Ah ok. I apologize for posting too fast. I will be sure to go further in exhausting all resources before I post in the future. However, I did find some of the descriptions of the iostreams parts and how they compose (especially examples, that's what I was really looking for) vague, IMHO.  

No, I haven't measured performance. And I understand well your concern with inappropriate attention to performance. The general advice is make it work first, then make it work faster; I agree with this advice strongly, but I think you might agree with me if I explain my context. If I see a particular solution that I believe will more likely guarantee lower latency due to unnecessary reallocations and re-initializations (as when a vector expands and must make all memory that it contains contiguous), I will try to eliminate it in the process of making it work the first time. I'm writing a pintool, and you just kind of have to understand what that is in order to know where I'm coming from. Intel's PIN tool suite is a dynamic binary instrumentation framework designed to allow programmers to specify callbacks at different levels of granularity, as well as write their own instrumentation functions. So if you wanted to gather data about every image load, or instruction execution, or routine call, on the fly you could do it.

Anyway, the context in which I am using this compression utility is a particularly important one for speed. A set of dynamic analysis routines steadily generate data from the target program that is being analyzed, and the point where I'm asking about now has to do with where, once the analysis threads have generated enough data, they report a handle to their buffer to a pool of compression threads; the compression threads drop the data they've been handed directly into a fresh buffer (ideally) that goes through a compressor. The problem is, because I'm instrumenting at instruction level granularity, my analysis code, between target application threads has to synchronize a lamport clock (now I'm really getting out of hand with my explanation lol); so, the whole program might produce a 400mb xml file, and these buffers get flushed at the frequency of accumulating about 30kb.
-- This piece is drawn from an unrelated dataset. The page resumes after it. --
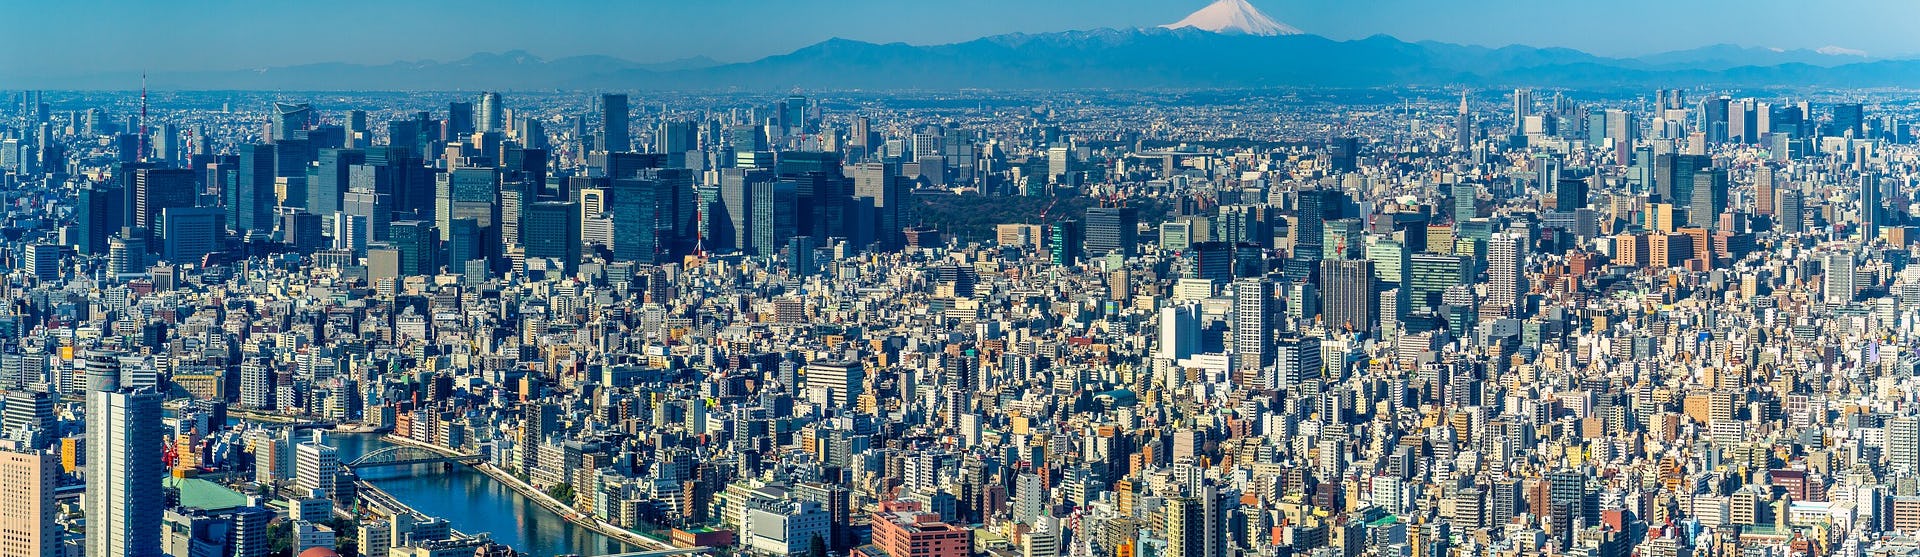 Översiktsbild tagen på Tokyo med mängder av höga byggnader och berget Fuji i bakgrunden.

So that's a lot of flushing! Those unnecessary allocation copies would, in the worst case, result in a 2-3x slowdown of the entire program due to the fact that it's literally pausing to repeat something that's unnecessary. 

But actually, if this appends my 30k string, I didn't know it. The back_insert_device<string> object wasn't something that I understood very well from the description at http://www.boost.org/doc/libs/1_45_0/libs/iostreams/doc/classes/back_inserter.html

From what I had thought though, if my string was empty with 0's, and I appended to it, then I would end up with precisely my compressed data. The idea of acquireStringFromPool is that it returns a large string that is always cleared out for the filtering_ostream to fill up as though it were a device. Is that incorrect? How can I get that functionality?

Perhaps, however, that reserve approach would be good. I apologize the email was so long lol.


On Tue, Jan 14, 2014 at 12:16 PM, Krzysztof Czainski <1czajnik@gmail.com> wrote:
2014/1/14 Kenneth Adam Miller <kennethadammiller@gmail.com>
By the way, I'm working on a master's thesis, so I frequently skip sleep. Sometimes after a lack of sleep, getting across precisely what is needed/understood can take some an iteration or two :)

Good luck with your thesis ;-) 

Btw, I think top-posting is inappropriate on this list.

On Tue, Jan 14, 2014 at 10:15 AM, Kenneth Adam Miller <kennethadammiller@gmail.com> wrote:
Pretty much on performance concerns. I know that there's at least going to be one copy performed while doing the compression, from uncompressed to compressed. Here's how I do it:

filtering_ostream *fos = new filtering_ostream();
fos->push(bzip2_compressor());
string *x = acquireStringFromPool();   //This is just a blocking pointer return that reaches into a list of string *, each that are allocated with new string(30000,0); (it's multithreaded, ok lol :) )
fos->push(boost::iostreams::back_insert_device<string>(x));   //This is what I was searching for all along.

Doesn't this append your 30k string?

If a preallocated chunk of memory is ok for you, check out vector::reserve() ;-) 

then later, when I want to write to fos I do,

*fos << *doc;    //I go straight from container to compression.

Maybe my specifications that "I don't want to find that it's copying at all" were a bit weird, because obviously it has to move the data right? I'm just saying that most of the examples I would see would be something like

compress(string x) {
   stringstream ss(x);  //unnecessary initialization in my case, couldn't find an example without this
   //something similar to what I did...
}

OK, so did you measure performance of your solution compared to the above example? And then to some version with std::vector with reserved memory?

My suggestions have nothing to do with compression and streams. But you might be optimizing prematurely here.